■ EXERCISE PROMPT: Everything in the listing below should be repeated verbatim, apart from the pictures.

(RECORDED INFORMATION begins)

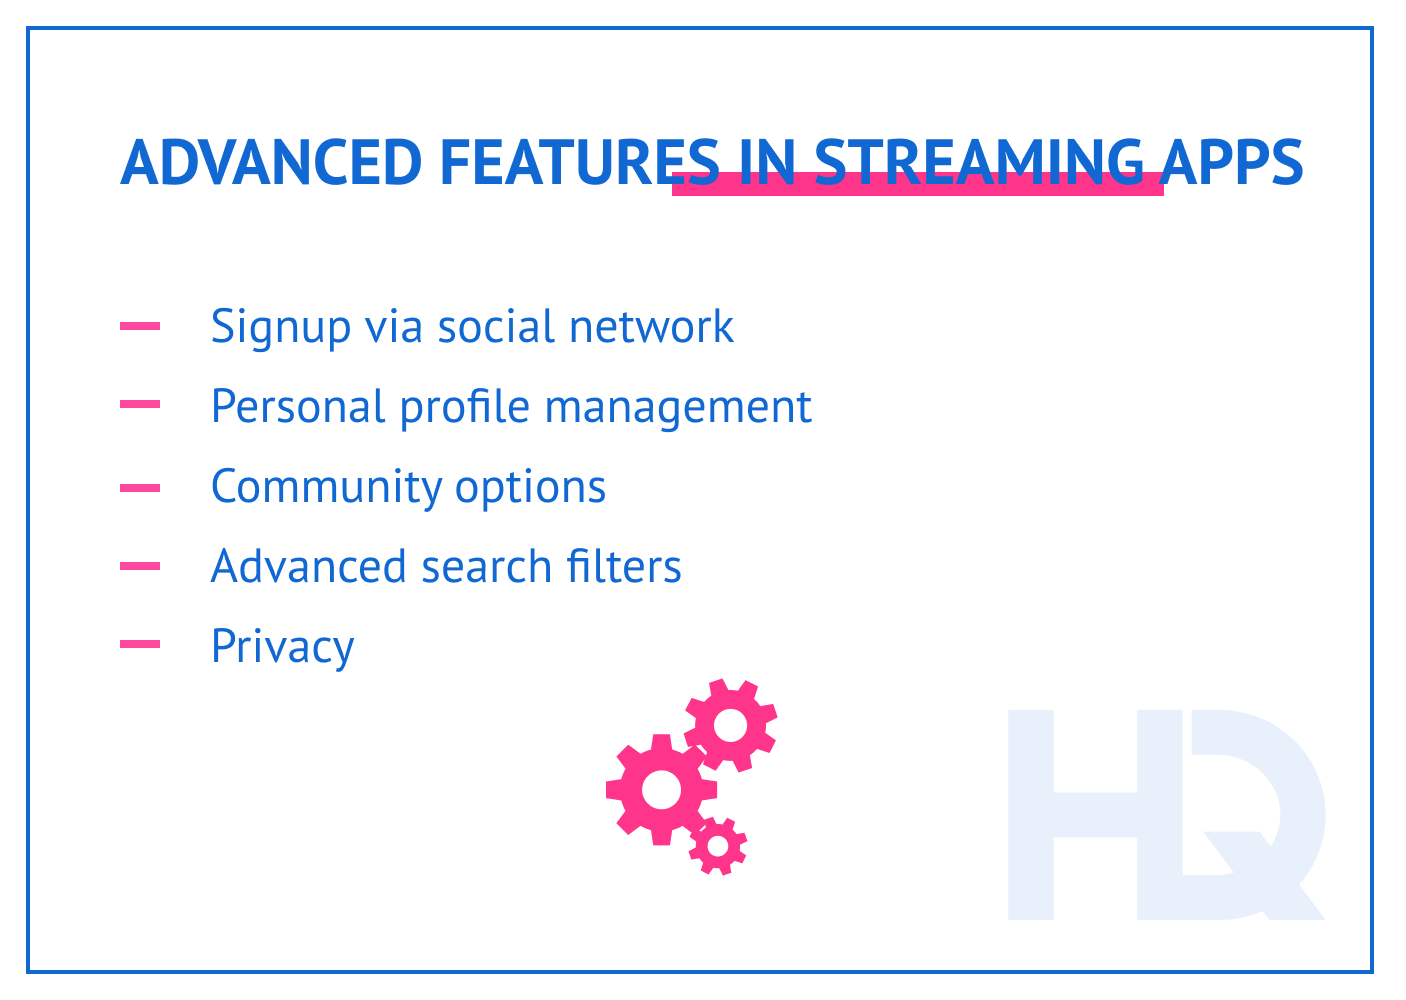 Advanced features in streaming apps.
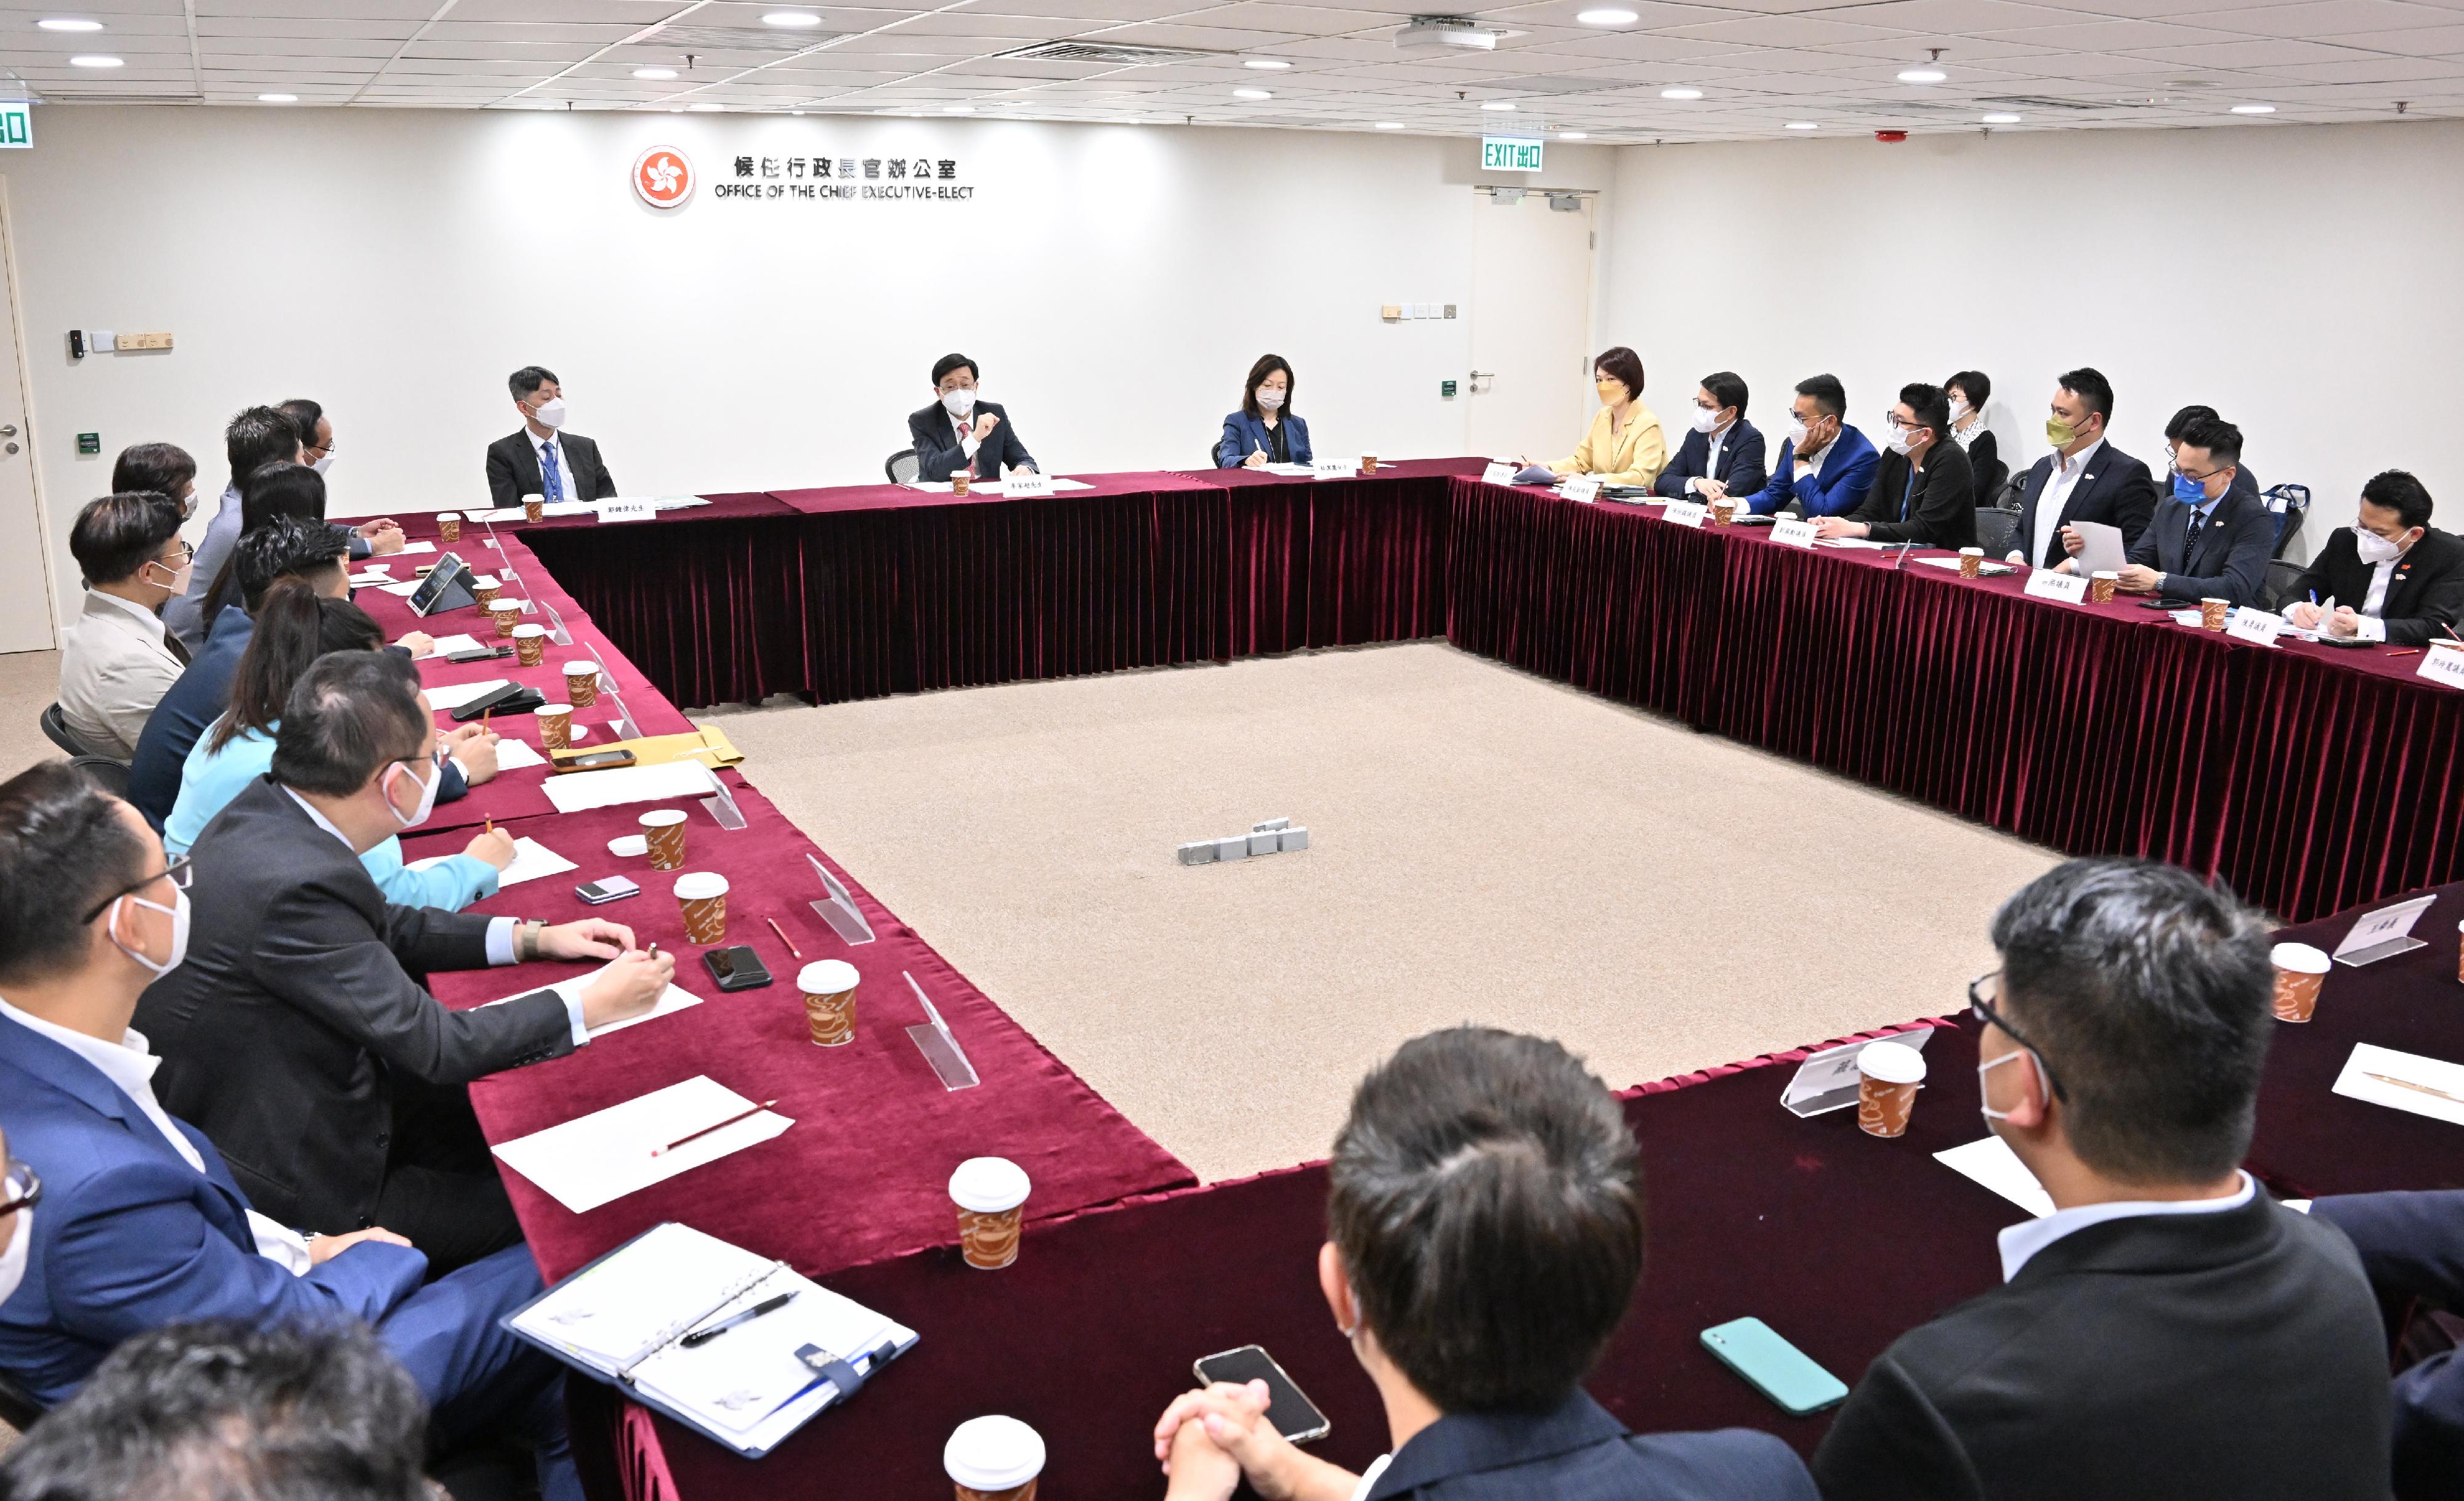 The Chief Executive-elect, Mr John Lee, meets with legislators from the Democratic Alliance for the Betterment and Progress of Hong Kong on May 16.
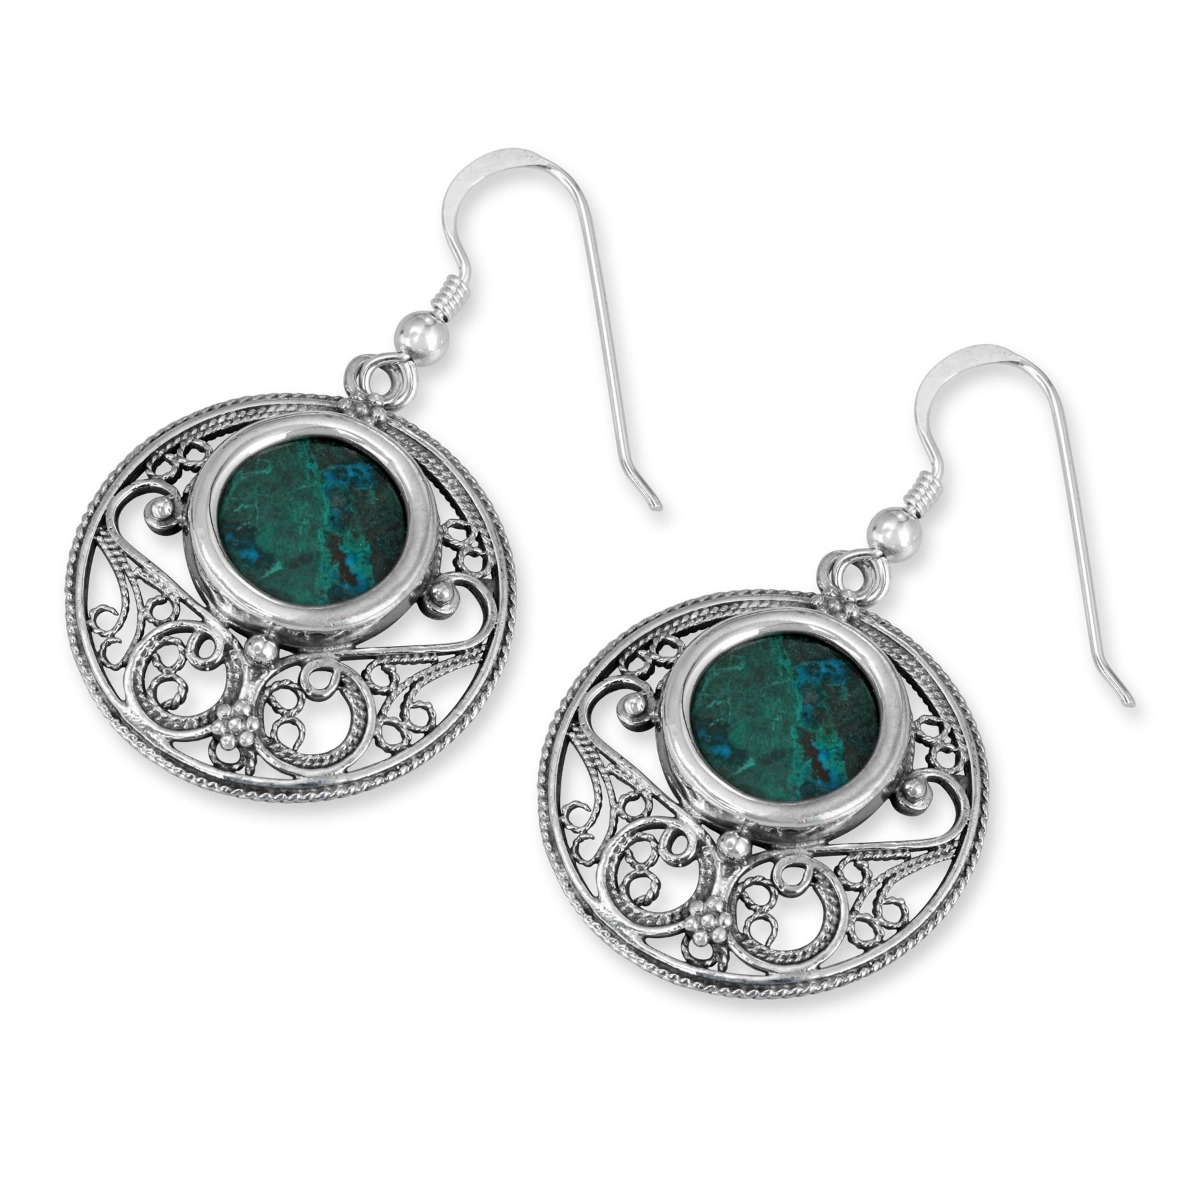 Rafael Jewelry Silver Ball Earrings Inset with Eilat Stone - 2

(RECORDED INFORMATION ends)

■ RESPONSE TO THIS EXERCISE:
 Advanced features in streaming apps.
 The Chief Executive-elect, Mr John Lee, meets with legislators from the Democratic Alliance for the Betterment and Progress of Hong Kong on May 16.
 Rafael Jewelry Silver Ball Earrings Inset with Eilat Stone - 2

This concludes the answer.